In a market driven by fear and greed, generalizations are common. With stocks rising and falling so quickly, it’s easy to panic and think a double dip is not far away. Do we appear to be in a slow period? Yes. Does this mean we’ll double dip? I don’t think the probability is very high. Why? We are in a very different time than we were in 2008. Take a look at these five facets of the economy with me and see if you agree.
Business Investing & Manufacturing The Purchasing Managers Index (PMI) is an excellent forecasting variable. It shows when a company is gearing up and ordering more goods or ordering less and gearing down. In 2008, it dropped as low as 35 as the manufacturing industry contracted. Business after business laid off employees. They were cash strapped and stopped ordering and producing goods.

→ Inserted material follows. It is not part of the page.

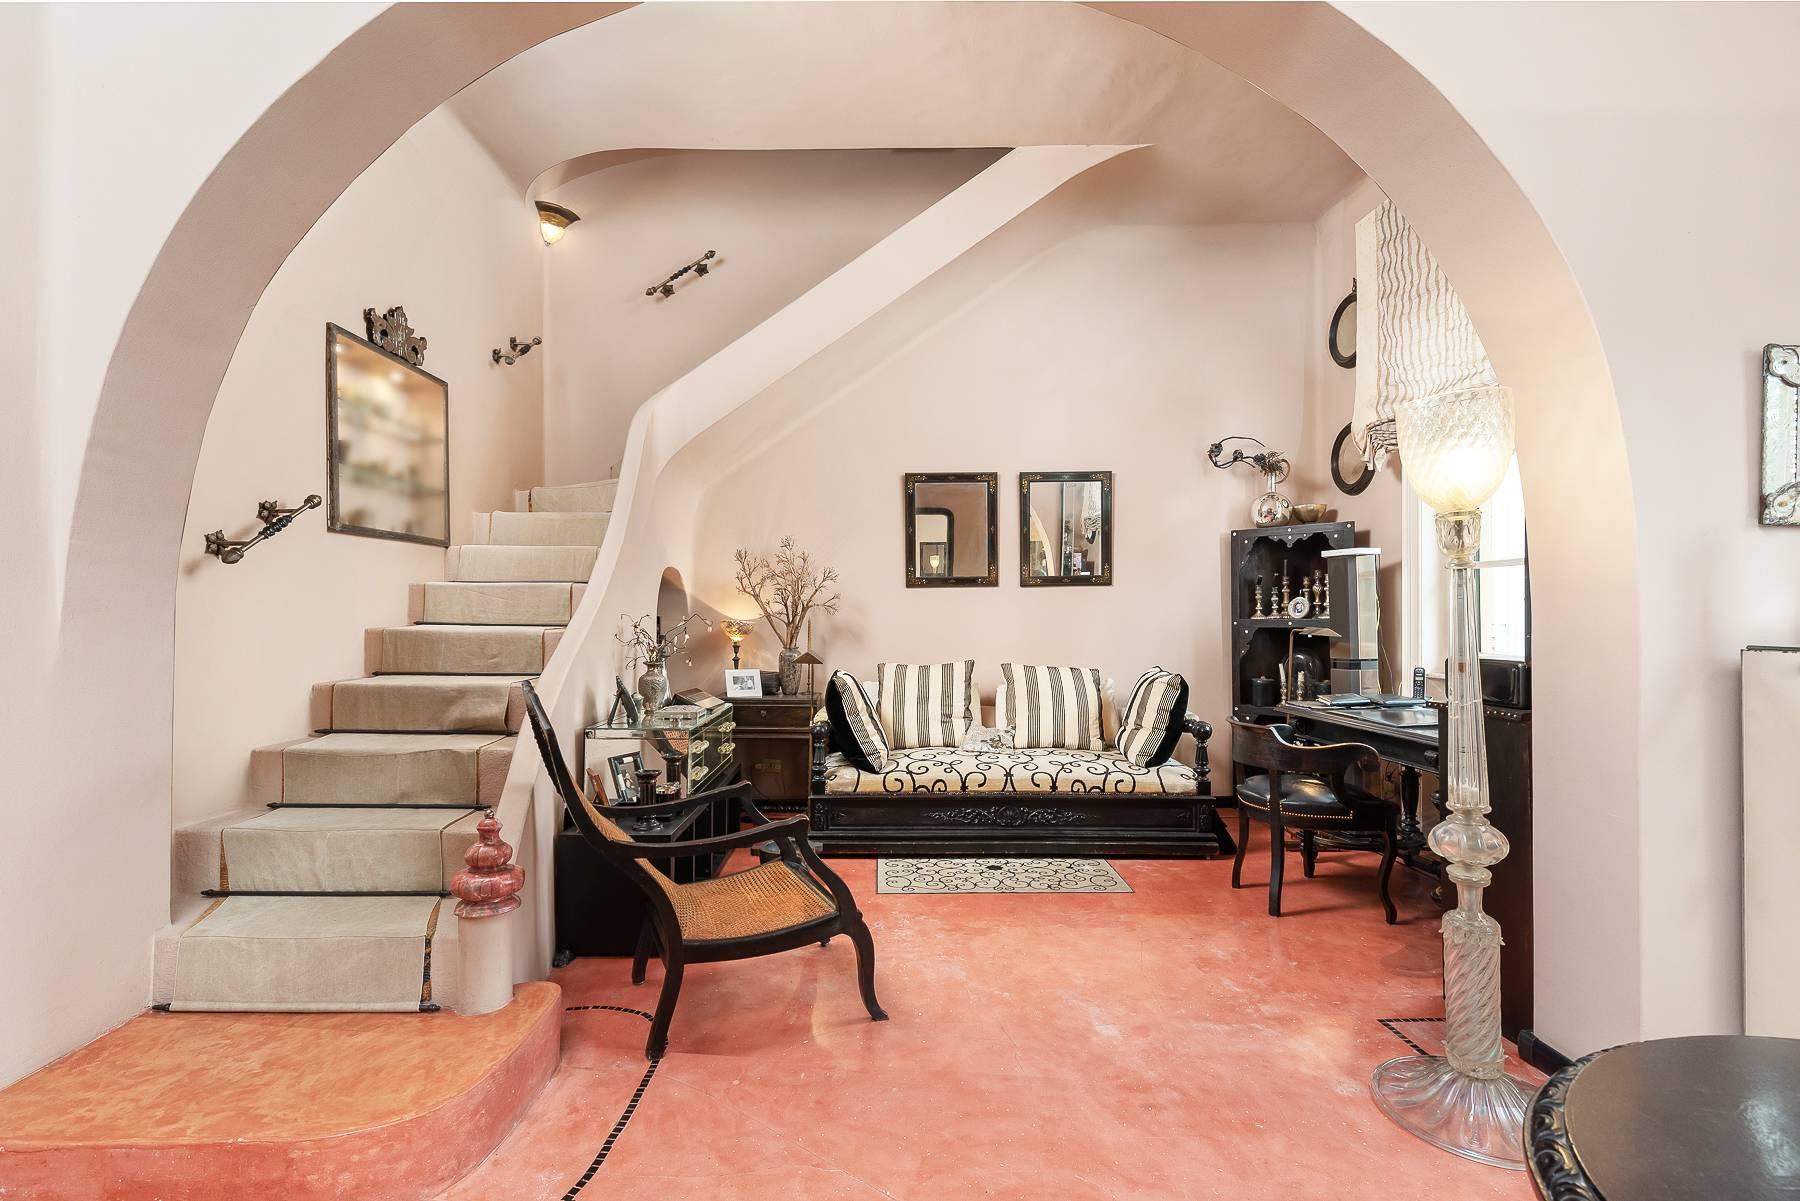 Penthouse with terraces overlooking Villa Borghese - 4

However for the last year, manufacturing has been expanding. Businesses are showing record profits and cash flow. As of August 2001, the national PMI was 50.6.
In 2008, multiple factors made the manufacturing industry contract. One of the biggest problems it faced was a lack of hard currency. For a period of time, even banks were experiencing a cash flow problem. Banks were being pushed into mergers because they didn’t have enough capital. Rather, they had toxic assets on their books. Now, the banks are stronger. They have money. The problem is, they have more money than people want to borrow.
There are definite concerns about government spending. While the federal government appears to be cutting back, it is the state and local government who are feeling this impact. Their spending is down 3.5 percent over the first half of this year, which has taken three quarters of a percent off the Gross Domestic Product (GDP). A large portion of this decrease has come from laying off government employees, like teachers. Over six thousand teachers have been laid off. However, there is talk of jobs being created and putting people back to work. If this happens, the states will benefit from a boosted economy.
Trade is higher in 2010 than 2009, and 2009 was higher than 2008. However, the European debt is a major concern for our trade industry. With the introduction of austerity programs in Britain, Greece, Spain, Ireland, Italy, and other countries, the value of the Euro is decreasing. As the United States dollar becomes stronger, we can expect to see less exporting. This doesn’t mean our manufacturing production will see an extreme hit because the majority of our production stays in the states.
The housing Market used to be six percent of the GDP. In the last five years, it dropped significantly, falling as low as two percent. Now this drop is bottoming out. Houses are beginning to sell and prices are starting to rise.
Consumption is continuing to increase. It’s not going gangbusters, but customers are still making purchases. Furthermore, since 2008 the consumer has reduced their debt by over a trillion dollars. It’s now less than the average they carried in the last 30 years.